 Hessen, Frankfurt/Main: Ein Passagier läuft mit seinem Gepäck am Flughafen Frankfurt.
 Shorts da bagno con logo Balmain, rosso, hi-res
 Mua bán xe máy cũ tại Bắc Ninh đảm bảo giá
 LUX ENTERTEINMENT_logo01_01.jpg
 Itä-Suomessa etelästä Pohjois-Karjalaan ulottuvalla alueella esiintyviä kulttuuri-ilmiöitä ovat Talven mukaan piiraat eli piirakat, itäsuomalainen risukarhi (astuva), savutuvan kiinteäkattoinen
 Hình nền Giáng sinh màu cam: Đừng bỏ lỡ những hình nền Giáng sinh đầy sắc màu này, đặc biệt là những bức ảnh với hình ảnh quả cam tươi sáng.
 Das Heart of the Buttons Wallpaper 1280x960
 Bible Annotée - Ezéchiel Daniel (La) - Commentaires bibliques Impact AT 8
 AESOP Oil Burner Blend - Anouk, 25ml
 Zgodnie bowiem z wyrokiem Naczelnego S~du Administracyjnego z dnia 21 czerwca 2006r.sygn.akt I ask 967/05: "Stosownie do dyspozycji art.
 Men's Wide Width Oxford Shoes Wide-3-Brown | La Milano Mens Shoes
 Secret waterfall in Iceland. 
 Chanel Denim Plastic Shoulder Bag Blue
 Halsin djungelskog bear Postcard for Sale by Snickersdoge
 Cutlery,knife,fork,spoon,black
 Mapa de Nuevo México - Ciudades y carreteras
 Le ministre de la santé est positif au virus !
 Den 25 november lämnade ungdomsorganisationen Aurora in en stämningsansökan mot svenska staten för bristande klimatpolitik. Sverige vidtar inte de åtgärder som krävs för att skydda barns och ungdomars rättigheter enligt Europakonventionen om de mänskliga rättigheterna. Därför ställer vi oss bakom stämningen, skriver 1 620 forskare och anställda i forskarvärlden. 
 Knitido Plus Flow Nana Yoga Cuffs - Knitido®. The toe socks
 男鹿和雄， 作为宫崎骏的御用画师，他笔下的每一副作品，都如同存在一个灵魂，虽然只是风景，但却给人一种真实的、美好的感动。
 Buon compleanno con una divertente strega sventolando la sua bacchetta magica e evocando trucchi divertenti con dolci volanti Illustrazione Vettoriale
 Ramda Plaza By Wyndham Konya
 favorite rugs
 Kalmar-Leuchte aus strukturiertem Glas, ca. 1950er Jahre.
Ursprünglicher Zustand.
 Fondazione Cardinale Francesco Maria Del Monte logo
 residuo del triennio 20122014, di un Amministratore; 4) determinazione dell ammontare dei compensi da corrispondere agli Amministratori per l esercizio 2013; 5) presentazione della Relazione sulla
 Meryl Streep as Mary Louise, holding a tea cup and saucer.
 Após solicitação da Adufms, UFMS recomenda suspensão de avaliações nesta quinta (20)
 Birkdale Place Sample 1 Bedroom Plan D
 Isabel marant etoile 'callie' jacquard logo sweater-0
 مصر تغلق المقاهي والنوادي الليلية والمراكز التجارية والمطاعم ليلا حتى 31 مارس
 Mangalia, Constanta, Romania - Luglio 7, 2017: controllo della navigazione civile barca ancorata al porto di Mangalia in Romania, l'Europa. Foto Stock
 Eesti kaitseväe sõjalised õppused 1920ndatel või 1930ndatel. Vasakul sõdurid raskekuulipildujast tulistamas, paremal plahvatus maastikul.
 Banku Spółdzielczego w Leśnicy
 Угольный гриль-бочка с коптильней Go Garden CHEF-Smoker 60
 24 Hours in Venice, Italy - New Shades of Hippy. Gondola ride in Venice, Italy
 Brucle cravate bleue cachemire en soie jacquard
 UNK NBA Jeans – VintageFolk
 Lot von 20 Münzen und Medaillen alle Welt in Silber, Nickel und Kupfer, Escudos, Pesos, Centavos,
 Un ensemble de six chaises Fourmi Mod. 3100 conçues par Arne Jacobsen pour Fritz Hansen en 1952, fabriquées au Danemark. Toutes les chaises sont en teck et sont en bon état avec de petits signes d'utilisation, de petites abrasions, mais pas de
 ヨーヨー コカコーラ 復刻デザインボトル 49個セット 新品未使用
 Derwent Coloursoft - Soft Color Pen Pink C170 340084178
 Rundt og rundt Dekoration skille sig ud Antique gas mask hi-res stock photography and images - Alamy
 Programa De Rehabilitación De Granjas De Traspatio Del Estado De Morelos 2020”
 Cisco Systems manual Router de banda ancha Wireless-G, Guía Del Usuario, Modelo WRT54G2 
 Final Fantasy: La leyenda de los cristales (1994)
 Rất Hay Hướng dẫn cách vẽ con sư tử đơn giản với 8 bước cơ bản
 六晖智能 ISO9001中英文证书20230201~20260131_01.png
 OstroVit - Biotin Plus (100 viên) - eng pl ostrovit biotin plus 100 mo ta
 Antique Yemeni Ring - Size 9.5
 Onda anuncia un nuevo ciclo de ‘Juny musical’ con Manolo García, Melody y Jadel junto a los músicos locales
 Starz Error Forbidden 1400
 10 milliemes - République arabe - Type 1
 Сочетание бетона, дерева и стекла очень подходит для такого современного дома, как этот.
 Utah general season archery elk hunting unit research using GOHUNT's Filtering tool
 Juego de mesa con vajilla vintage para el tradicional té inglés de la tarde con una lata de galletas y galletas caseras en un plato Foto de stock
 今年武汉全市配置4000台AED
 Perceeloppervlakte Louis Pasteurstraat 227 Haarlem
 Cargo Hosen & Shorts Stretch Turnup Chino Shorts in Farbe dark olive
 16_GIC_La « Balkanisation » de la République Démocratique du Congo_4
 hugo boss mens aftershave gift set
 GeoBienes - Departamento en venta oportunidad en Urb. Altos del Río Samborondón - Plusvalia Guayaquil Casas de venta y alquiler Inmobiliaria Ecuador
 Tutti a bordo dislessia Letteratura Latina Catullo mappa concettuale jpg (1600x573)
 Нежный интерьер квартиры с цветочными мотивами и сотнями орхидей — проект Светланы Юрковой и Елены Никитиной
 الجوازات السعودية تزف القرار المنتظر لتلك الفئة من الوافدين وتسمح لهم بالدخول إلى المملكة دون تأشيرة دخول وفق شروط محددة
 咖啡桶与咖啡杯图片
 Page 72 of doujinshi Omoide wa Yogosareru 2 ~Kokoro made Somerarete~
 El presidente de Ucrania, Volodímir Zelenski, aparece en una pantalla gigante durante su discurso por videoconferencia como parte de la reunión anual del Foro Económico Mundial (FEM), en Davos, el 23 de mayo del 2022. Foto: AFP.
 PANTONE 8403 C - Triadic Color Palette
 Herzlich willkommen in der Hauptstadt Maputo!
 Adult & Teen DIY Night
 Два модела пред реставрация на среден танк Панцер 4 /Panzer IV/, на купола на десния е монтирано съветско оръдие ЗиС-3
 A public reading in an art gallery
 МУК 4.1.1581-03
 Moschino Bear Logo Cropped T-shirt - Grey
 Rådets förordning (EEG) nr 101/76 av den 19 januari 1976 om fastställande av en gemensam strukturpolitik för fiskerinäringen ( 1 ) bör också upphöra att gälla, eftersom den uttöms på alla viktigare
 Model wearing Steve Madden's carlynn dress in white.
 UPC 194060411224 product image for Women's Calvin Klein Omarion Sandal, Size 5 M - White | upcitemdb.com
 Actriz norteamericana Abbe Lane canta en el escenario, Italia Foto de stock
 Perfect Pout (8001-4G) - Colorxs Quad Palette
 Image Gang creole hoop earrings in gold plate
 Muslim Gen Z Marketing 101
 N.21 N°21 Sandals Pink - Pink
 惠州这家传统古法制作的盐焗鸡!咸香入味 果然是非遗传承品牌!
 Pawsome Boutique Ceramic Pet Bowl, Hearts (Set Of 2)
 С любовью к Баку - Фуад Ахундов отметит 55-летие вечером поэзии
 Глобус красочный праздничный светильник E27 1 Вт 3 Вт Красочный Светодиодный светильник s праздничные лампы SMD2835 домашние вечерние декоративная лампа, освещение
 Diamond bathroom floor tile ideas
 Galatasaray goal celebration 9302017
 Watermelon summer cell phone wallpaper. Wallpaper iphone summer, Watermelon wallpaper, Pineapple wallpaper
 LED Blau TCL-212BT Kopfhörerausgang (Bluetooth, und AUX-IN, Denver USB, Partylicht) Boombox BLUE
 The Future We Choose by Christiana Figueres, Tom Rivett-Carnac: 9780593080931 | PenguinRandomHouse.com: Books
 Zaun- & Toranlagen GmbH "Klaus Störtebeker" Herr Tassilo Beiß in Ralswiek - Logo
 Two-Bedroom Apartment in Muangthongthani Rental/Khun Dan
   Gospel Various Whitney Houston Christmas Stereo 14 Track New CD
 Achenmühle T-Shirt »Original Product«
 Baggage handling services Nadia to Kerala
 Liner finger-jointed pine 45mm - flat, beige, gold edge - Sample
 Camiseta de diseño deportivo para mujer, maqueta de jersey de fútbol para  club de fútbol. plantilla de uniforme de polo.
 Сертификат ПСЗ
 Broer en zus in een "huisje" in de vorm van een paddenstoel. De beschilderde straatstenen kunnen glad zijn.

# # # # #

# [BRIEF]
Please retype the data exactly as it stands, from its first line down to the line that contains "Bible Annotée - Ezéchiel", then stop.

# [RESULT]
 Hessen, Frankfurt/Main: Ein Passagier läuft mit seinem Gepäck am Flughafen Frankfurt.
 Shorts da bagno con logo Balmain, rosso, hi-res
 Mua bán xe máy cũ tại Bắc Ninh đảm bảo giá
 LUX ENTERTEINMENT_logo01_01.jpg
 Itä-Suomessa etelästä Pohjois-Karjalaan ulottuvalla alueella esiintyviä kulttuuri-ilmiöitä ovat Talven mukaan piiraat eli piirakat, itäsuomalainen risukarhi (astuva), savutuvan kiinteäkattoinen
 Hình nền Giáng sinh màu cam: Đừng bỏ lỡ những hình nền Giáng sinh đầy sắc màu này, đặc biệt là những bức ảnh với hình ảnh quả cam tươi sáng.
 Das Heart of the Buttons Wallpaper 1280x960
 Bible Annotée - Ezéchiel Daniel (La) - Commentaires bibliques Impact AT 8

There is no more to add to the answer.